Example 3: Acquisition of bone marrow mesenchymal stem cells

In the present embodiment, bone marrow cells were obtained by extracting bone marrow, and purified by density gradient centrifugation (Ficoll paque).

The femur bone of the fluorescent pig selected by the method of the free example 2 was taken out, and then filtered through a 70 μm sieve, and dispensed into 5 mL per tube, and the divided bone marrow solution was centrifuged (1200 X rpm, 10 min). After that, the supernatant was removed, and 10 mL of the culture solution (αMEM, Sigma M0894 USA; 20% FBS, Hyclone USA; Pen/Str, Gibco 15140-122 USA) was added to break up the cell mass, and 5 mL of bone marrow cells were suspended. was slowly added to the centrifuge tube along with 6 mL of 0.012 ng / mL of ^{Ficoll-Paque TM pLUS (Amersham,} Sweden), was added the suspension was centrifuged good Ficoll-Paque ^TM pLUS marrow cells 1700 X rpm, 20 min. The centrifugal speed gradient starts at 400 X rpm and is adjusted up to 200 X rpm every 30 sec until 1000 X rpm. At this point, add 200 X rpm every 1 min until it reaches 1700 X rpm and continue centrifugation for 20 min. After centrifugation of the bone marrow cell suspension can be divided into four layers, from top to bottom are the plasma layer, the white turbidity and MSCs mixed leukocyte cell layer, etc., a transparent layer of Ficoll-Paque ^TM PLUS, red cell layer. The plasma layer was first aspirated, and the mixed cell layer of white turbid MSCs and white blood cells was inhaled into a 15 ml tube containing 5 ml of the culture solution. Centrifuge at 1200 X rpm for 5 min and remove the supernatant. Repeat this step twice. Finally, 2 ml of the culture solution was used to break up the cell mass and placed in a 3.5 cm culture dish for 72 hr. The suspended unattached cells are then removed, which is purified fluorescent porcine mesenchymal stem cells.

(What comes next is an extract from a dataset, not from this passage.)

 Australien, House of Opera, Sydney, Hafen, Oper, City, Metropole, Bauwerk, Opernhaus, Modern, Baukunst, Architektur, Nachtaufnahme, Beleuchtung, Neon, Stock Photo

Example 4: Study on the properties of mesenchymal stem cells

So far, there has been no specific marker for detection of porcine mesenchymal stem cells, so the purity of fluorescent porcine stem cells was identified by flow cytometry using different antibodies CD4a, CD31, CD44, CD90 and CD29. Methods as below.

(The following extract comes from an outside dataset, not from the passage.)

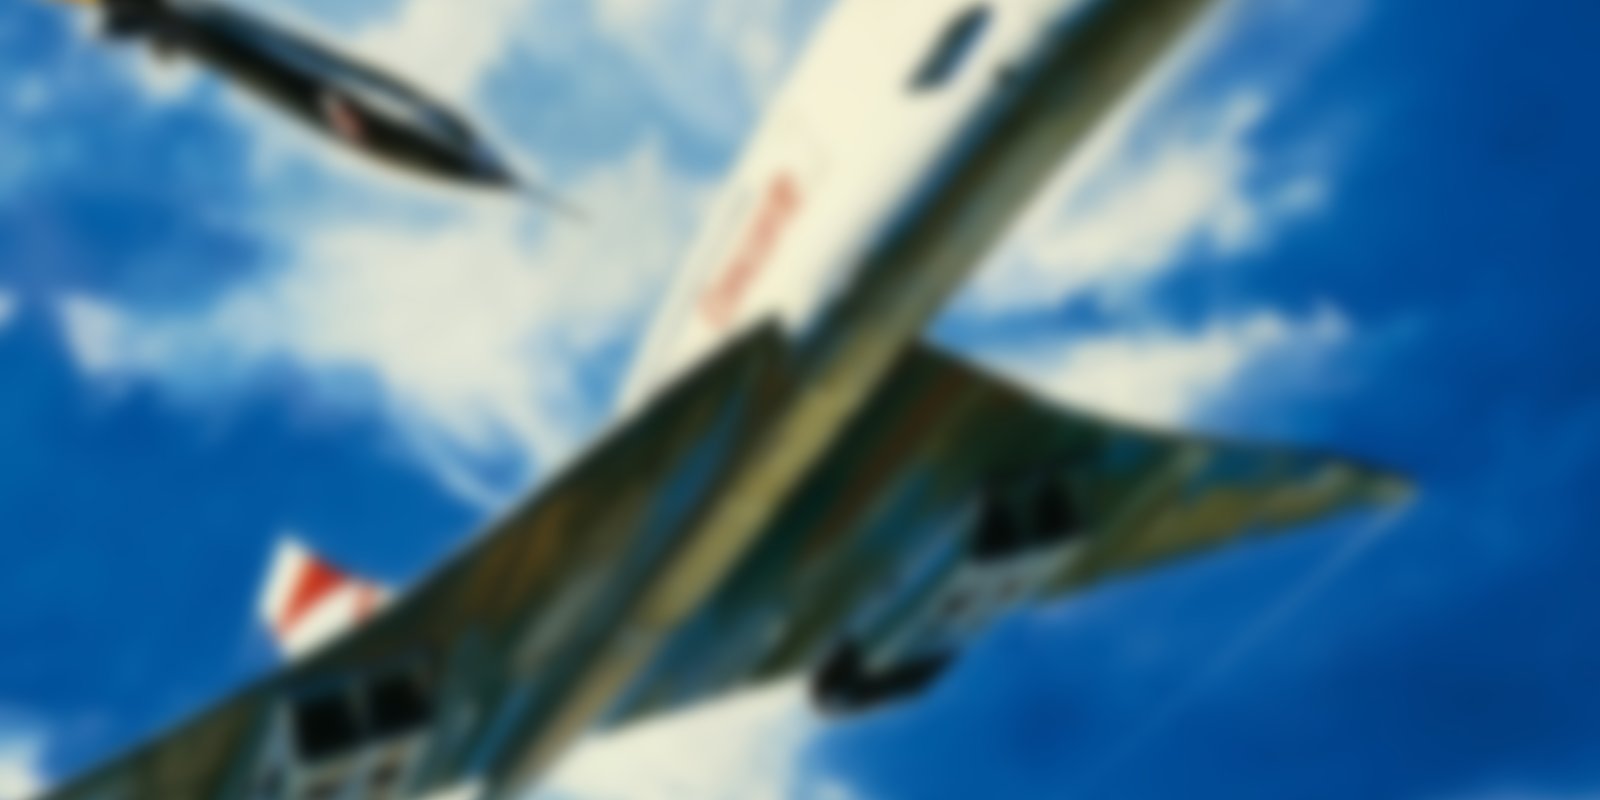 Airport - Die Concorde

(1) Culture and preservation of mesenchymal stem cells

Mesenchymal stem cells are adherent cells, so when the cells proliferate to saturation (100% confluence), they must be subcultured or cryopreserved. The subculture was first removed and washed with a medium containing no fetal bovine serum to remove residual fetal bovine serum, followed by 0.25% trypsin-EDTA (Gibco 25200 USA) and placed in a 37 ° C incubator. After 5 min, the cells were rinsed off the bottom of the culture dish, and the cells were resuspended using the culture medium containing fetal bovine serum, centrifuged at 1200 X rpm for 5 min, and the supernatant was removed. Mouse MSCs were reimplanted into new culture dishes at 1:3 ratio in 1:2 or porcine MSCs. When the cells were cryopreserved, the cell pellet was suspended in a culture solution containing 10% dimethyl sulfoxide (DMSO, Sigma D2650 USA), and immediately placed in liquid nitrogen for storage.

(2) Cell count

Aspirate 50 μl of the suspension cells and mix them evenly with trypan blue (Gibco 15250-061 USA). The stained cells were dropped on a hemocytometer on a cover glass and counted under the microscope. The blue living cells are converted to represent the total number of cells.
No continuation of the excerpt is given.